1. Introduction
Ensuring inclusive and equitable quality education and promoting lifelong learning opportunities for all is goal number 4 of the Sustainable Development Goals defined by the United Nations to be achieved by 2030. The goal has seven targets, such as primary and secondary education and Gender equality and inclusion. Achieving quality education is also one of the main priorities in the national development plan of Indonesia. As one of the major economies in Southeast Asia, Indonesia, through its government, focuses on its social and economic development. Hence, the development of human capital is very crucial. Moreover, the Indonesian government has recently shifted the development focus from infrastructure to improving the quality of human resources. However, Program for International Student Assessment (PISA) of the Organization for Economic Co-operation and Development’s (OECD) shows that the Indonesian students performs three years behind as compared to the OECD average (OECD, 2019). Furthermore, United Nations Development Program (UNDP) reports that Indonesia’s Human Development Index (HDI) for 2020 was ranked 107th out of 189 countries (UNDP, 2021).
The Indonesian government has placed the improvement of the quality of basic education as the top development priority. It is implemented by spending 20% of the government expenditure for the educational development. In addition, the OECD has suggested that educational development in Indonesia can be focused on quality, participation, and efficiency. As the regions in Indonesia are so many and diverse, understanding the strengths and weaknesses of every region are important for efficiency of the education development program for providing the right policy for the right district/region.
Rapid technology development has led the education system to adopt the ICT technology to improve the quality of education attainments. The e-learning system nowadays has become the main requirement for educational institutions to support their learning activities. However, to adopt e-learning, a large strategy from all stake holders (governments, industries, private sectors, and communities) and resources (e.g., Internet connection, electricity, etc.) for optimal application are required. Moreover, a study aimed to evaluate e-learning readiness of the schools and regions needs to be performed to obtain the best strategy for the development. As Indonesia is very diverse in terms of geographics and infrastructure, it is needed to map the provinces based on the education development and for e learning adoption readiness.
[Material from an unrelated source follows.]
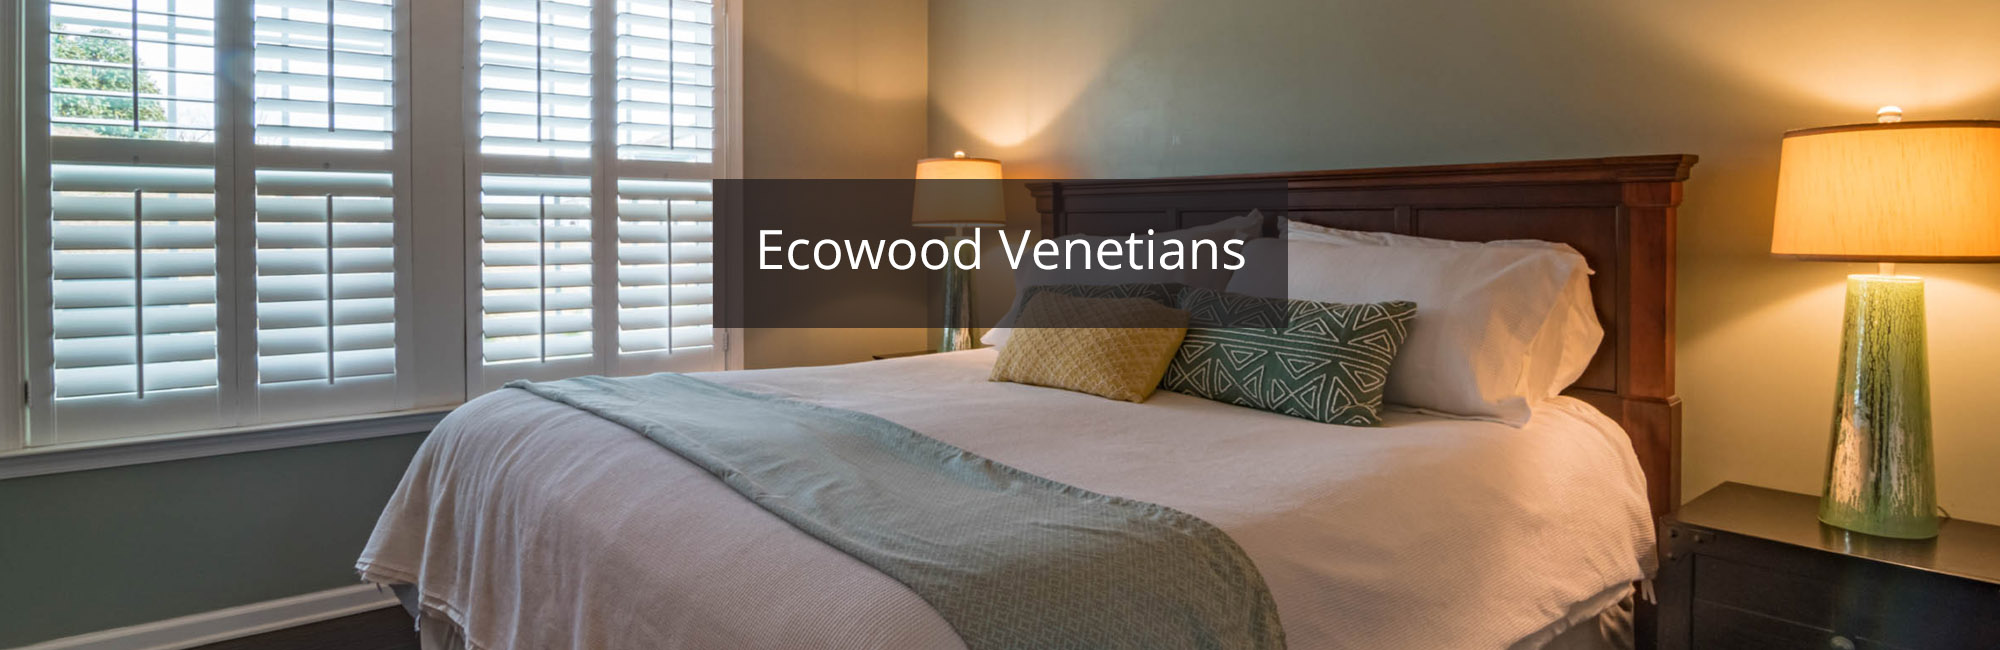 Ecowood Venetians by Curtain Trend Gold Coast and Brisbane - home New

In general, the higher the education level of residents in a country or region, the higher the level of economic progress of the country/region. Improving the education system can reduce the poverty level of a region (Nguyen & Nguyen 2019). Furthermore, Reza and Widodo (2013) have shown that education has a positive impact on economic growth in Indonesia. Although the impact is relatively different among the provinces. The technology adoption in different sectors is also expected to boost the country’s economic growth (Parente, 1994). ICT development has been shown to have a huge impact on regional economic growth (Agustina & Pramana, 2019).
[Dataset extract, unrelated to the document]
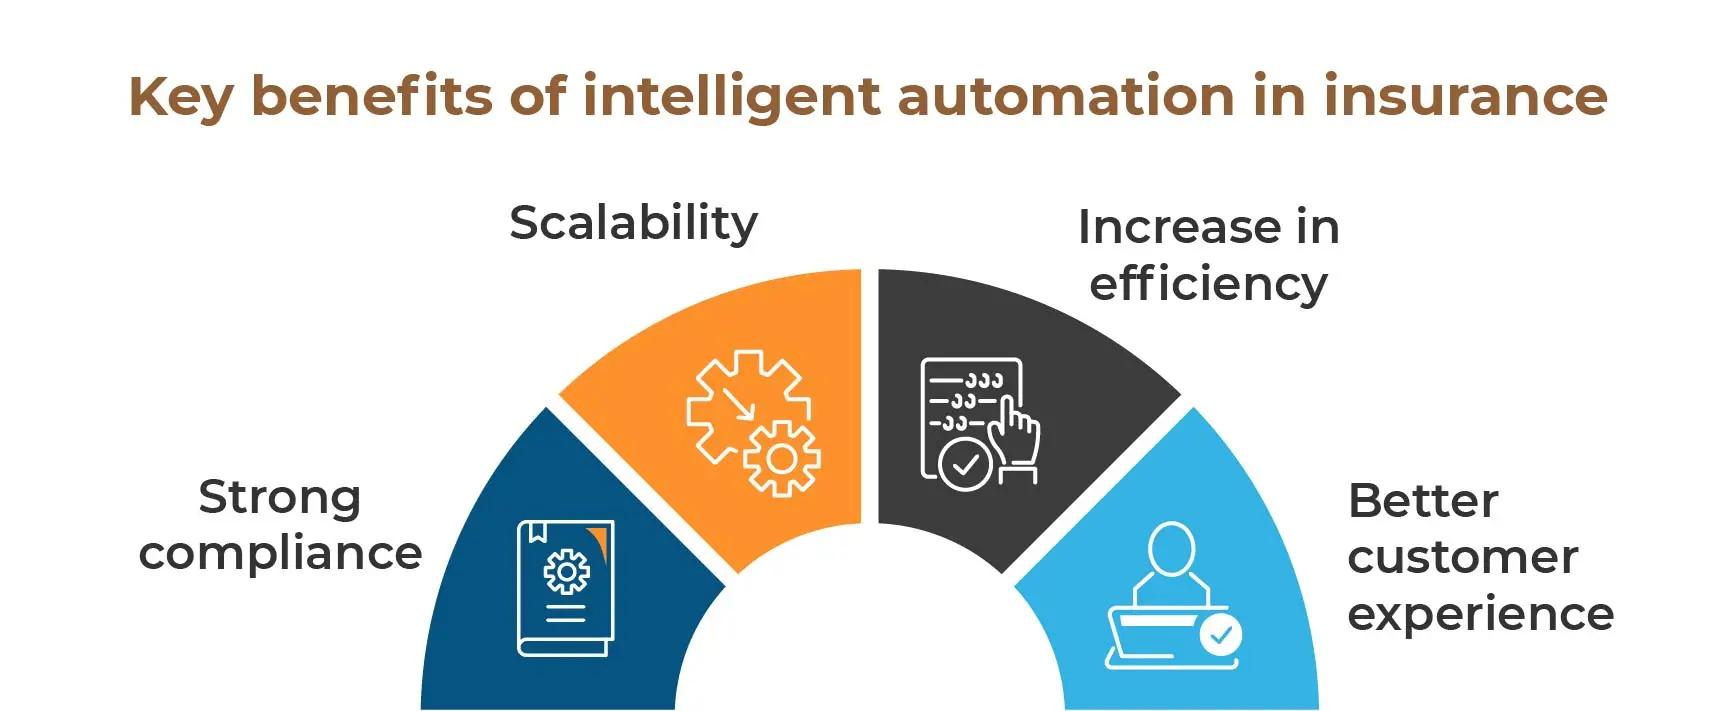 Key benefits of intelligent automation in insurance:

This study is aimed to map the province in Indonesia based on the education and ICT indicators using several unsupervised learning algorithms.
2. Research Methods and Materials
2.1. Data
For the study, 27 indicators obtained from BPS’ Statistics Indonesia and Ministry of Education were used (see Table 1). These indicators measure four dimensions: Education Quality, Participation, Facilities, and ICT Access.
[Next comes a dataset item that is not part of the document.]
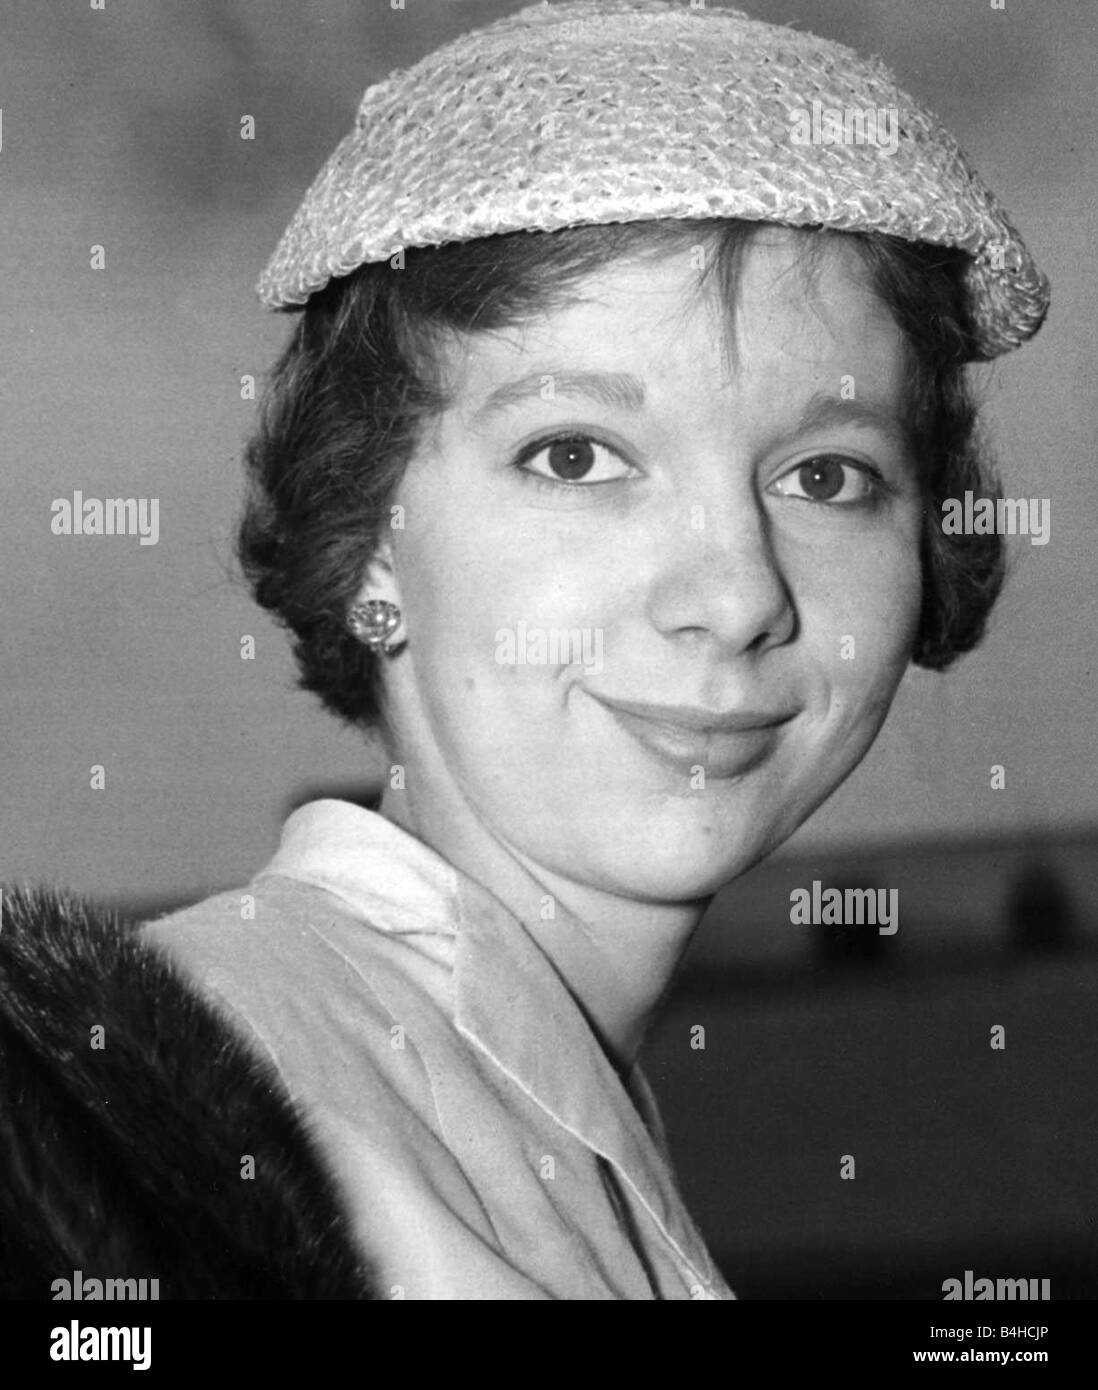 Actress Anna Massey seen here arriving at Royal Ascot wearing a straw hat June 1956 Stock Photo

Table 1: Education Quality and ICT Access Indicators Dimension Indicators
2.2. Statistical Approach
To cluster the provinces based on these indicators, the following unsupervised learning approaches are implemented and compared:
2.2.1 K-Means
This method is one of the simplest and popular unsupervised machine learning algorithms to find k clusters. The k number of centroids is calculated using the mean and then allocating every data point to the nearest centroid. This procedure is repeated to optimize the position of the centroids until the centroids have stabilized or the defined number of iterations has been achieved (Pramana et al., 2018).
2.2.2. Fuzzy C-Means
This method is an improved method of K-Means algorithm. This clustering technique permits a data item to belong to some clusters with a defined fuzzy membership grade. It is robust to extreme observation. The FCM algorithm minimizes the following equation:
\(J_{m}(U, V)=\sum_{j=1}^{n} \sum_{i=1}^{c} u_{i j}^{m}\left\|x_{j}-v_{i}\right\|^{2},\)
where uij is cluster membership and
\(\begin{aligned} &v_{i}=\frac{\sum_{j=1}^{n}\left(u_{i j}\right)^{m} x_{j}}{\sum_{j=1}^{n}\left(u_{i j}\right)^{m}}, \quad 1 \leqslant i \leqslant c \\ &u_{i j}=\left[\sum_{k=1}^{c}\left(\frac{\left\|x_{j}-v_{i}\right\|^{2}}{\left\|x_{j}-v_{k}\right\|^{2}}\right)^{1 /(m-1)}\right]^{-1}, \quad 1 \leqslant i \leqslant c, 1 \leqslant j \leqslant n . \end{aligned}\)
(Bezdek, J. C., Robert, E., & William, F. (1984).
2.2.3. Cluster Validation Index
The biggest challenge in clustering is to check how good the clustering result is. Since the number of clusters need to specify in advance, obtaining the right number of clusters is crucial. Several measurements for cluster validations are available to find the right/optimal number of clusters (Pramana et al., 2018). In this study, the following clustering indices are carried out:
a. Within Class Variation. It is the simplest way to measure to find the optimal number of clusters. Its defined as:
\(W_{k}=\sum_{r=1}^{k} \frac{1}{2 n_{r}} D_{r}\)
where
\(\begin{aligned} D_{r} &=\sum_{i \in C_{r}} \sum_{j \in C_{r}}\left\|x_{i}-x_{j}\right\|^{2} \\ &=2 n_{r} \sum_{i \in C_{r}}\left\|x_{i}-\bar{x}\right\|^{2} \end{aligned}\)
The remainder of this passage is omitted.